Fabio Panetta: Monetary policy in a shifting landscape

Dinner speech by Mr Fabio Panetta, Governor of the Bank of Italy, at the Inaugural Conference of the Research Network on "Challenges for Monetary Policy Transmission in a Changing World" (ChaMP), Frankfurt am Main, 25 April 2024.

The views expressed in this speech are those of the speaker and not the view of the BIS.

Central bank speech  | 
02 May 2024

First of all, I wish to thank the organizers for inviting me. It is a great pleasure to be back at the ECB, although it feels strange to be here as a guest.

Our vision of how the economy works is in perpetual motion. In 1949, Bill Phillips unveiled the 'Phillips Machine'. This ingenious contraption used water to represent money flowing through the economy, with valves that could be opened or closed to simulate the effects of policy interventions on consumption and investment. The economy was presented as a fixed and deterministic system of relations that could be investigated until its functioning became clear once and for all.

We know that, for better or for worse, the real world is very different. Indeed, if economic relations were fixed and deterministic, our jobs would be easy but boring. Economic relations are not fixed because the economy evolves following slow-moving structural trends. And they are not deterministic, because there are many events that we tend to conceptualize as 'shocks' – perhaps due to the limitations of our knowledge. The last four years have been exceptional in this regard: from the Covid pandemic onwards, we have witnessed a combination of shocks and structural changes with few historical precedents.

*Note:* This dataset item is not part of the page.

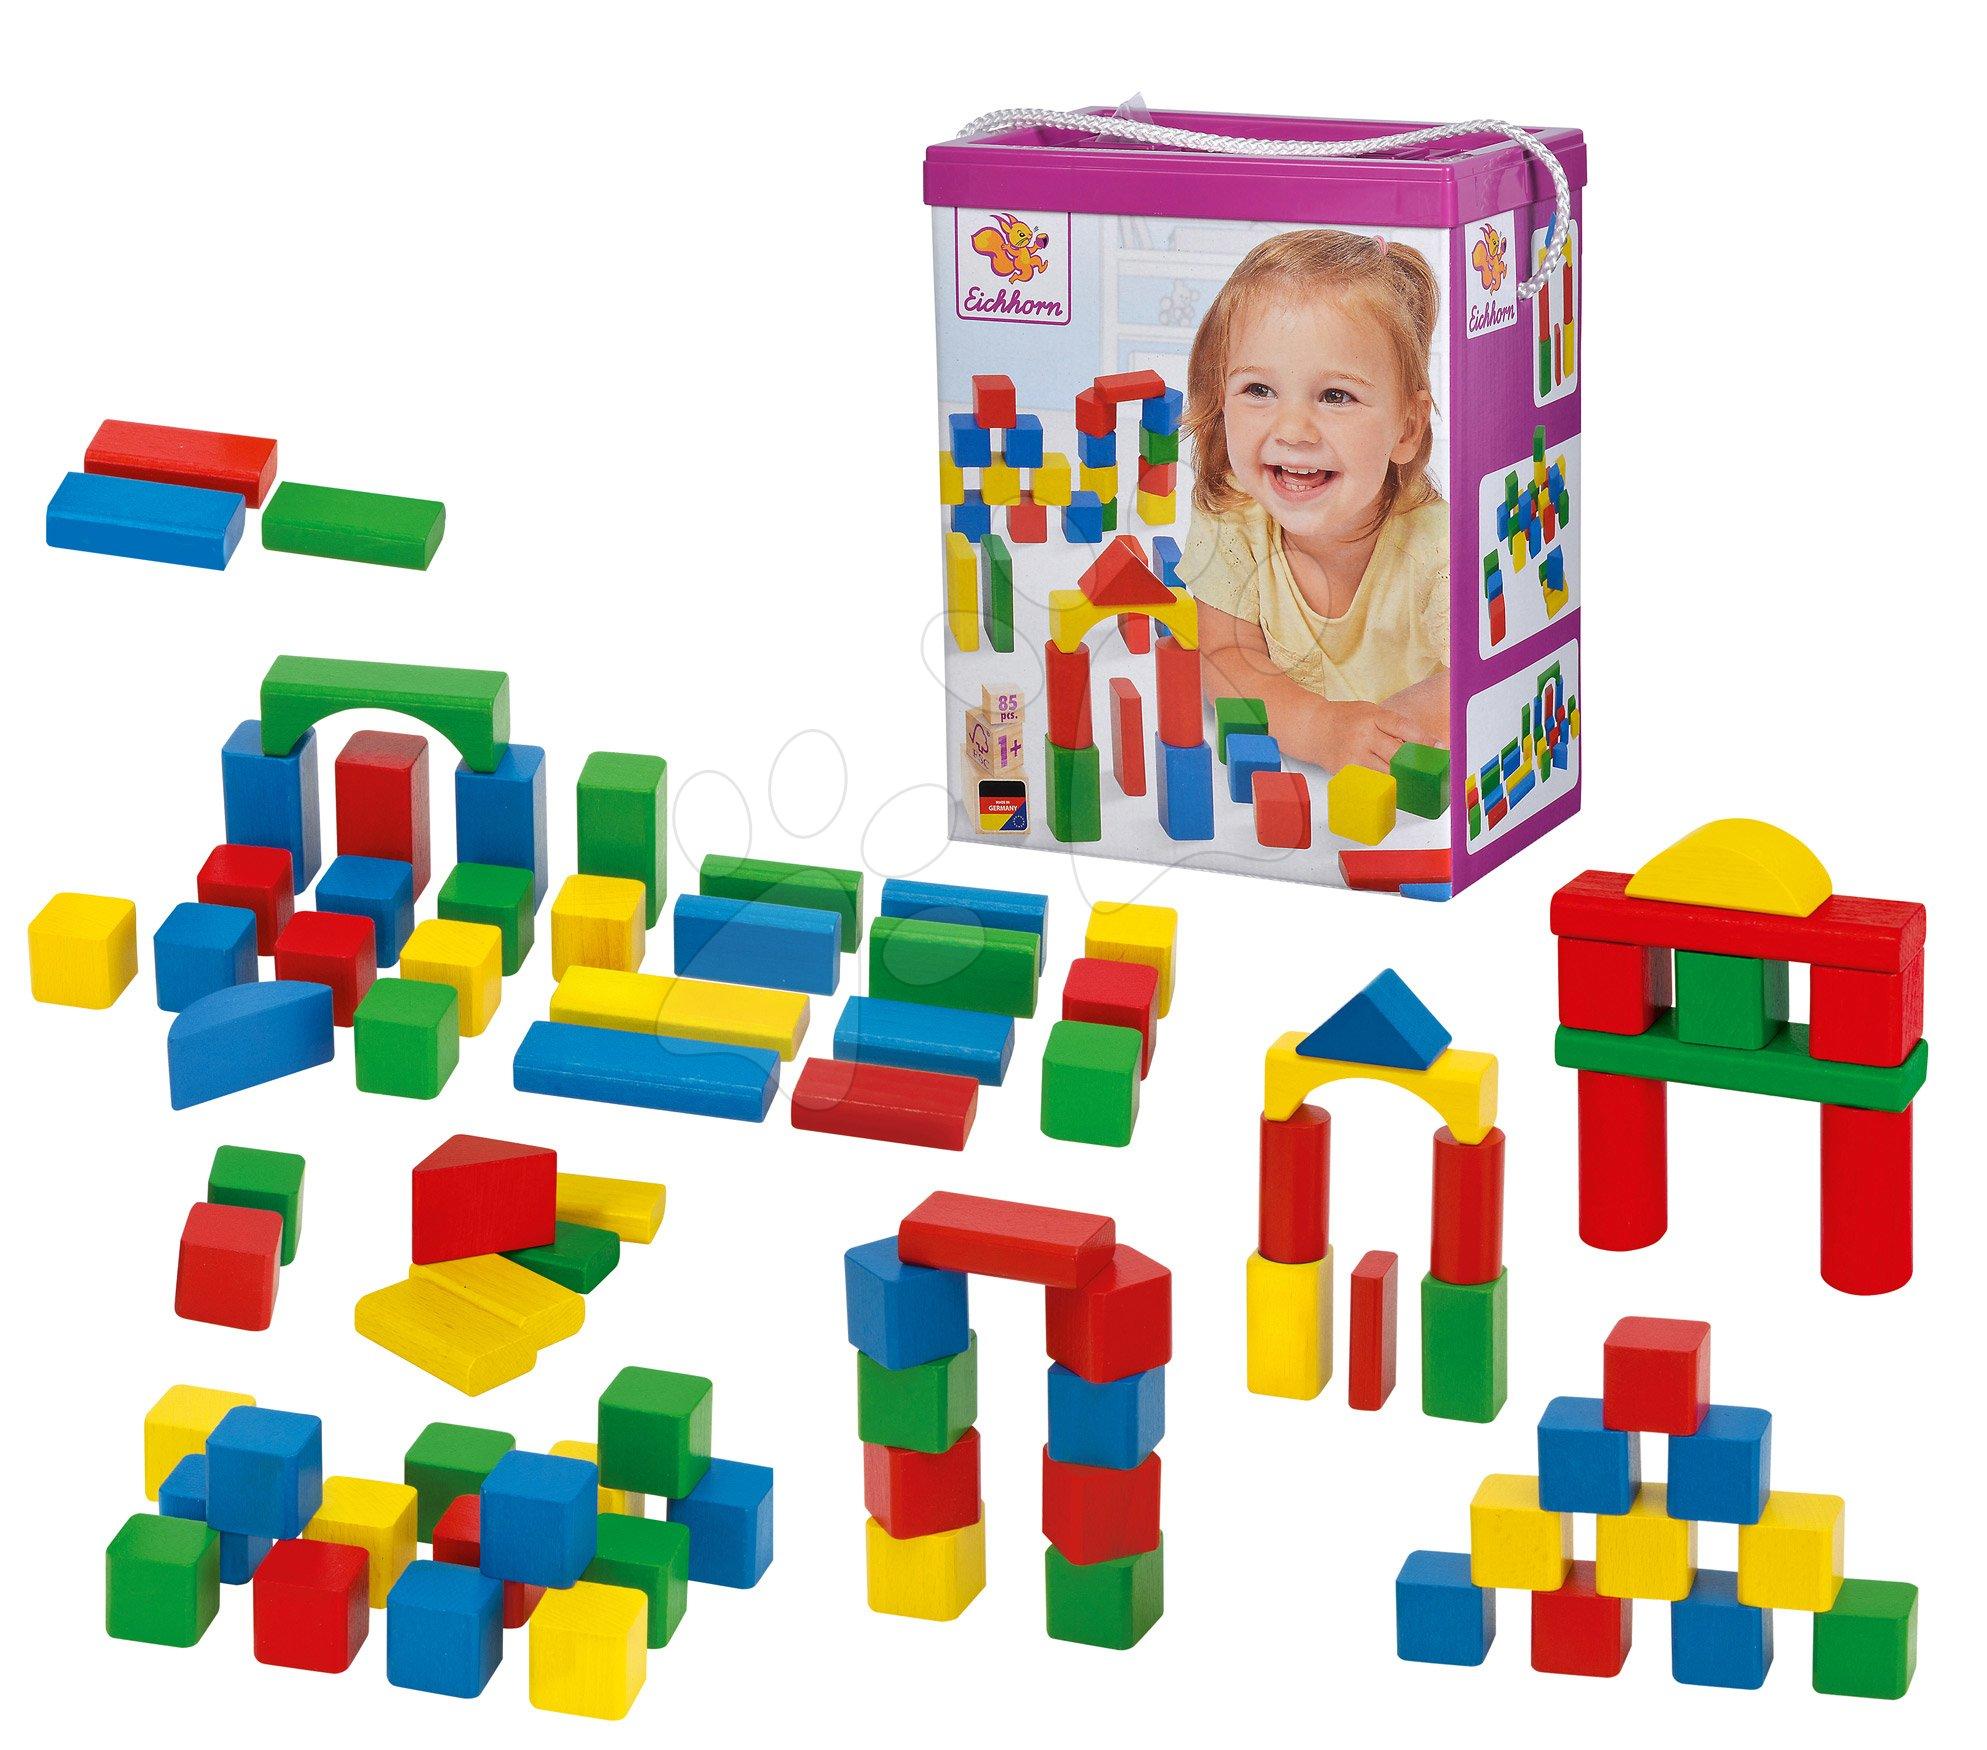 Dřevěné kostky - Dřevěné kostky Wooden Toy Blocks Eichhorn barevné 85 dílů v různých tvarech od 12 měsíců

The global landscape has changed radically as a result, with important implications for both the theory and the practice of monetary policy. A constructive interaction between policy and research is key: at times like this, the dialogue between researchers and policy makers becomes critical. Your job within the ChaMP Network is to help us improve our understanding of the economy and the monetary policy transmission mechanism.